Arg1-flox Mouse

Arg1, also known as arginase 1, is an enzyme that catalyzes the hydrolysis of L-arginine to L-ornithine and urea, regulating the last step of the urea cycle. It is involved in multiple biological processes, such as immune response regulation, cell metabolism, and tissue repair [2,3,5]. Genetic models, especially KO mouse models, have been crucial for studying its functions.

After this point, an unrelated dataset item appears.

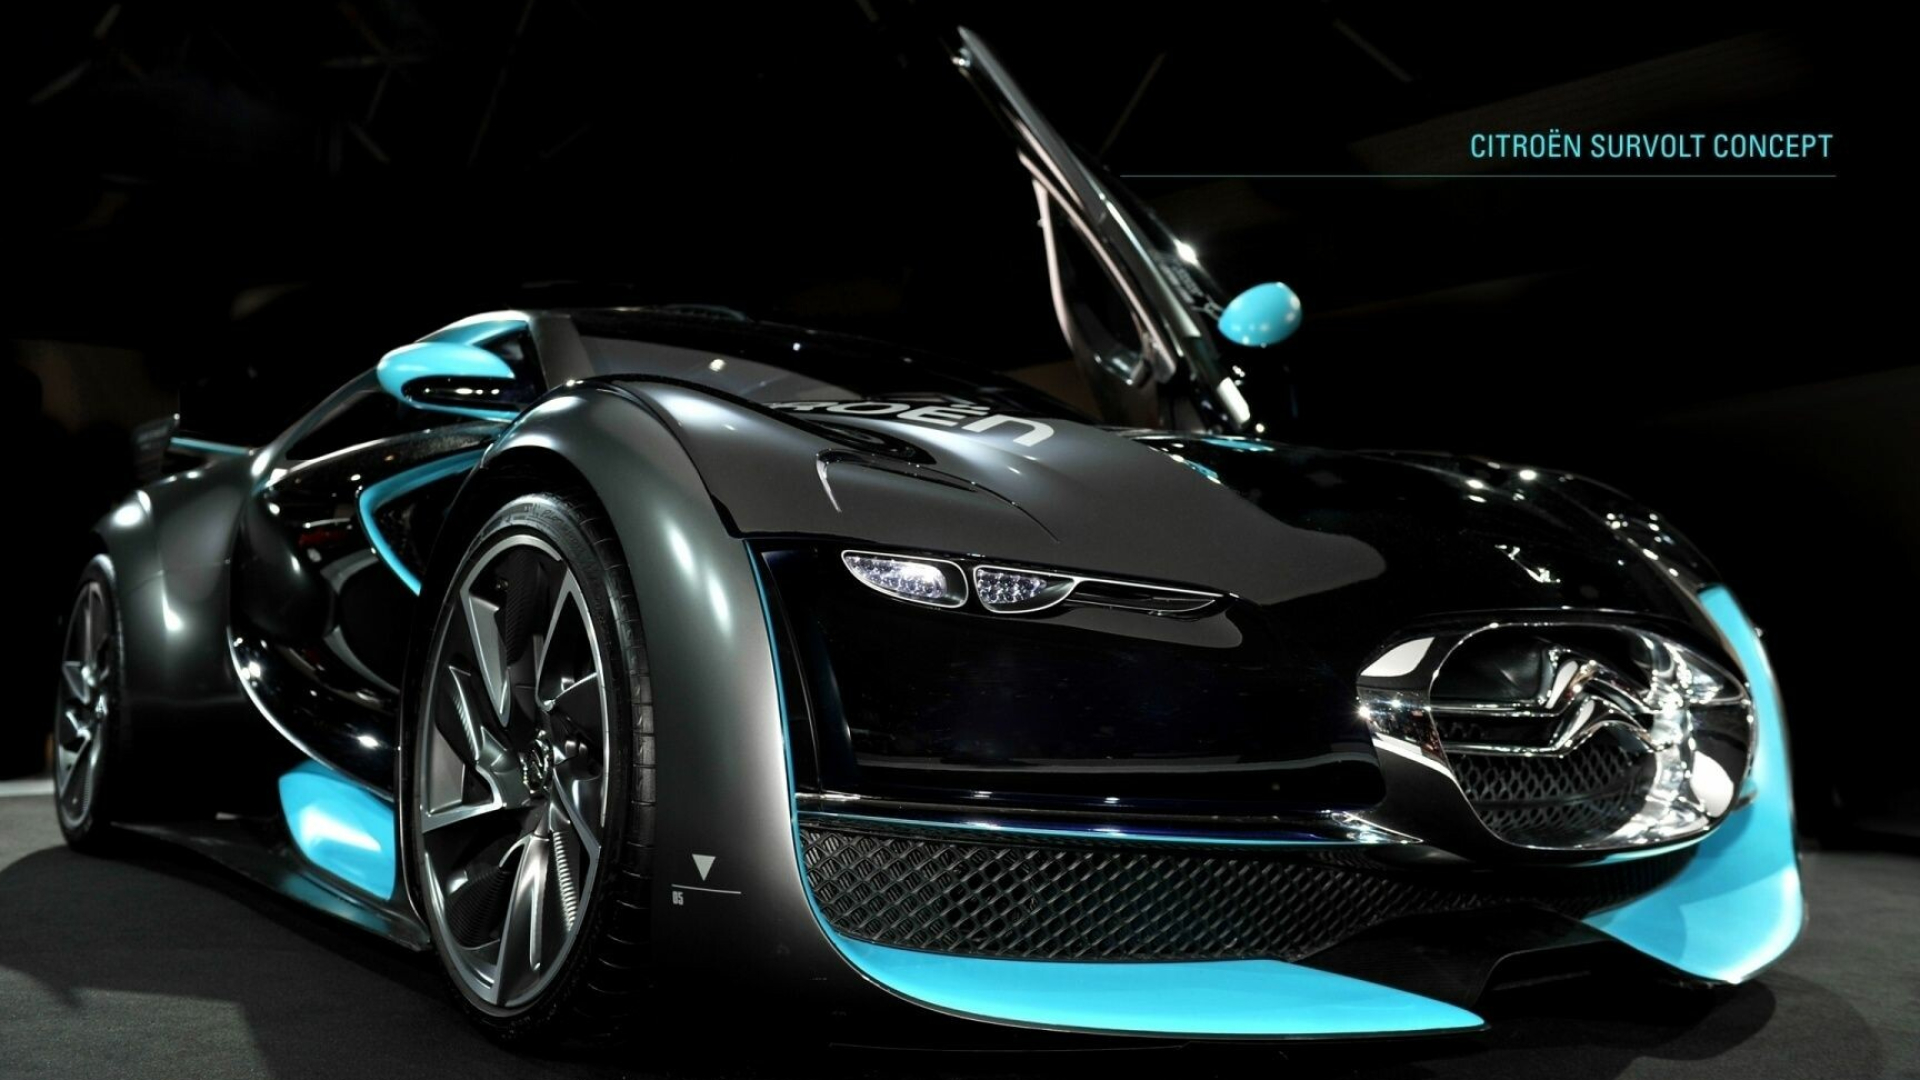 Citroen: Survolt concept, Based on the electric concept car Revolte. 1920x1080 Full HD Background.

In stroke mouse models, STAT6 deficiency led to reduced Arg1 expression in microglia/macrophages, impairing efferocytosis, increasing inflammation, and exacerbating infarct volume and long-term functional deficits, suggesting that STAT6/Arg1 signaling promotes inflammation resolution and improves stroke outcomes [1]. In cancer, in a mouse model of endometrial cancer, high ARG1 expression was associated with poor prognosis [3,5]. In breast cancer cells, overexpression of ARG1 suppressed cell proliferation, migration, and xenograft tumor growth by down-regulating p-AKT and de-activating the AKT signal pathway [4]. In lung fibrosis, macrophage-fibroblast crosstalk induced Arg1 expression in macrophages, which contributed to fibrotic responses by metabolizing arginine to ornithine for fibroblast collagen synthesis [6]. Also, selective depletion of Arg1-expressing tumor-associated macrophages in a tumor model inhibited tumor growth and reduced the ratio of TH1-Treg cells in the tumor microenvironment [7].

In conclusion, Arg1 plays essential roles in various biological processes and disease conditions. Studies using KO mouse models have revealed its significance in stroke, cancer, and lung fibrosis. Understanding Arg1's functions can provide insights into disease mechanisms and potential therapeutic targets in these disease areas.